His wife admitted three counts of child abuse and one count each of witness intimidation, grand theft and false imprisonment. Four counts were dropped in her case. The judge imposed a sentence of four years’ felony probation and 120 days in a sheriff’s work release program.
The couple’s daughter admitted three counts of child abuse and one count each of false imprisonment and witness intimidation. Three counts against her were dismissed. O’Rane sentenced the defendant to four years’ probation, with a requirement for 150 days in work release.
Rosa and Lennys Olguin received prison sentences of four years apiece, but those were suspended by the judge under the women’s plea deals.
The Turpin children are suing the county Department of Public Social Services and placement agency ChildNet, also known as Foster Family Network, for putting them in the Olguin’s foster home. The plaintiffs’ attorneys are slated to hold a news briefing outside the Riverside Historic Courthouse Monday to provide an update on the civil suit and share the siblings’ reactions to disposition of the Olguin case.
The defendants were charged in November 2021 following a sheriff’s investigation that was initiated based on the Turpin children’s complaints of repeated abuse in the defendants’ residence.
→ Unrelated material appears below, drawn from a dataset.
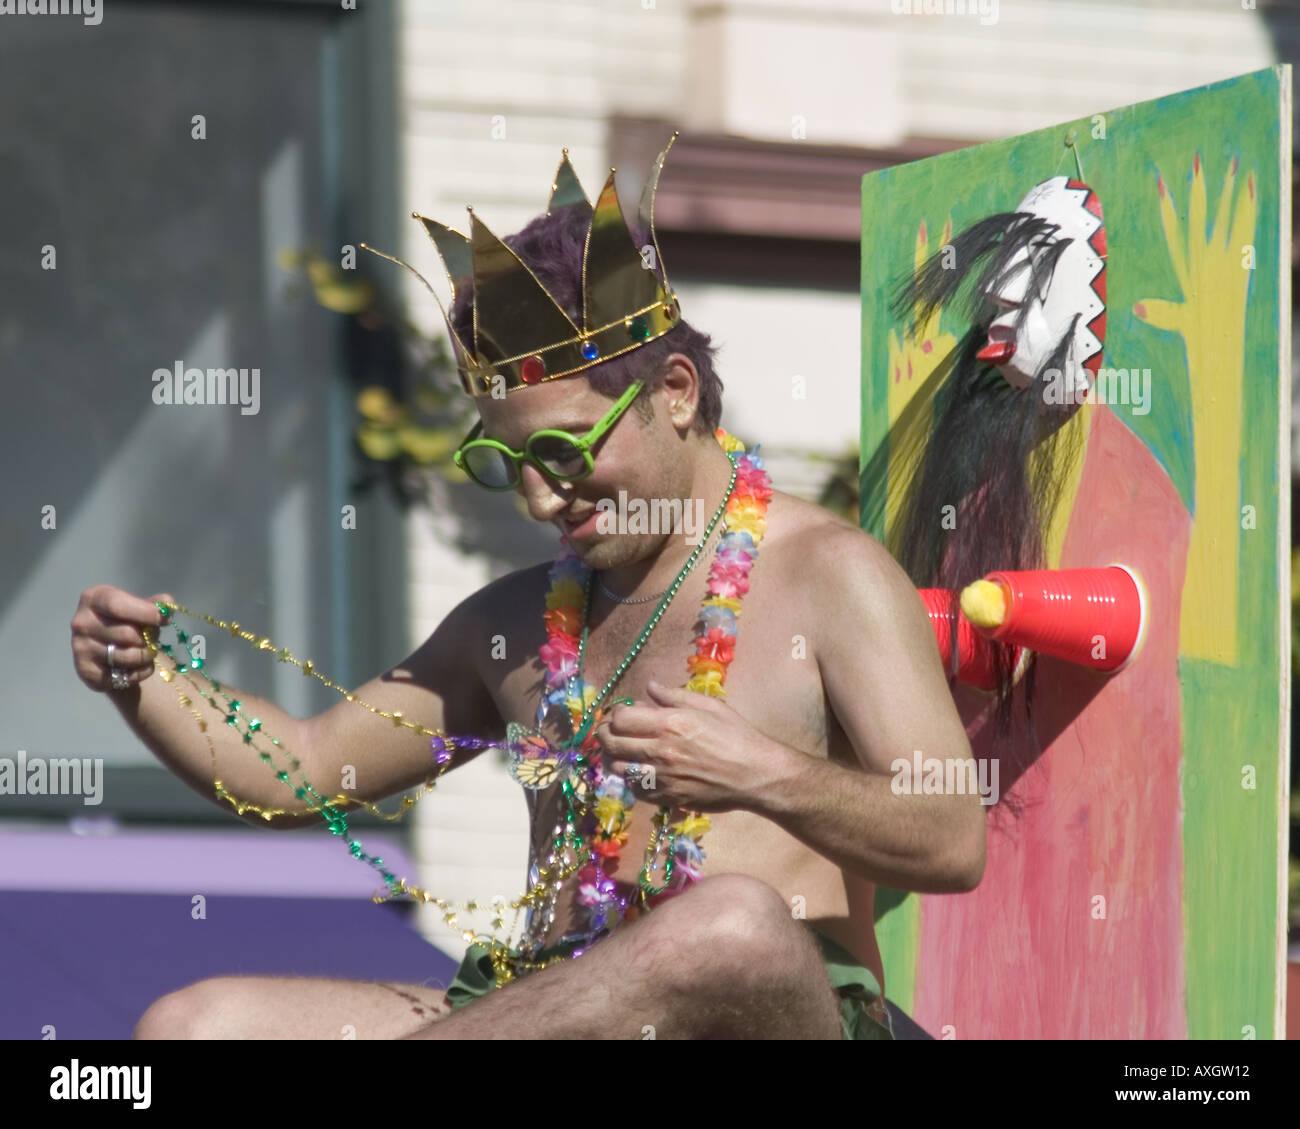 Dieser Teilnehmer Doo Dah Parade 2005 verspottet auch die Karneval parade Stockfoto

The victims, almost all of whom are now emancipated young adults, had been in the hostile environment for over two years, placed with the Olguins after their rescue from an oft-described “house of horrors” maintained by their parents, David Turpin, 61, and Louise Turpin, 54, each of whom was sentenced to 25 years to life in state prison in 2019 after admitting multiple child cruelty counts.
Attorneys Elan Zektser and Roger Booth are representing different Turpin siblings.
According to Zektser’s complaint, several of the Turpin girls were objects of lascivious attention from Marcelino Olguin, with him “grabbing and fondling (their) buttocks, legs, breasts” and “kissing them on their mouths and making sexually suggestive comments.”
There were instances of the Olguins “pulling their hair, hitting them with a belt and striking their heads,” the complaint stated.
The document recited the following other abuse: “making the plaintiffs sit by themselves, sometimes outside, for many hours at a time”; “making plaintiffs sit in a circle and recount, in detail, the horrors that they had experienced while living with their parents”; “verbally abusing plaintiffs, cursing at them and telling them that they were worthless and should commit suicide”; “forcing them to eat until they began to vomit,” then compelling them “to eat their own vomit.”
The Olguins further told the children that “nobody would ever love them,” Zektser wrote.
In the spring of 2021, the plaintiffs were either placed in alternate foster homes or emancipated.
The whistleblower on the Olguins’ criminal acts was the same one who escaped her parents’ home, by jumping through a window, in January 2018 — now- 22-year-old Jordan Turpin. Her 911 call that she and her 12 siblings were virtually caged in their house on Muir Woods Road led to the brothers and sisters gaining temporary relief — before half of them went to live with the Olguins.
David and Louise Turpin kept some of their children restrained most times of the day, forced them to subsist on peanut butter sandwiches and burritos, made them sleep up to 20 hours daily, and allowed them to shower only once a year. There was also physical abuse that resulted in injuries.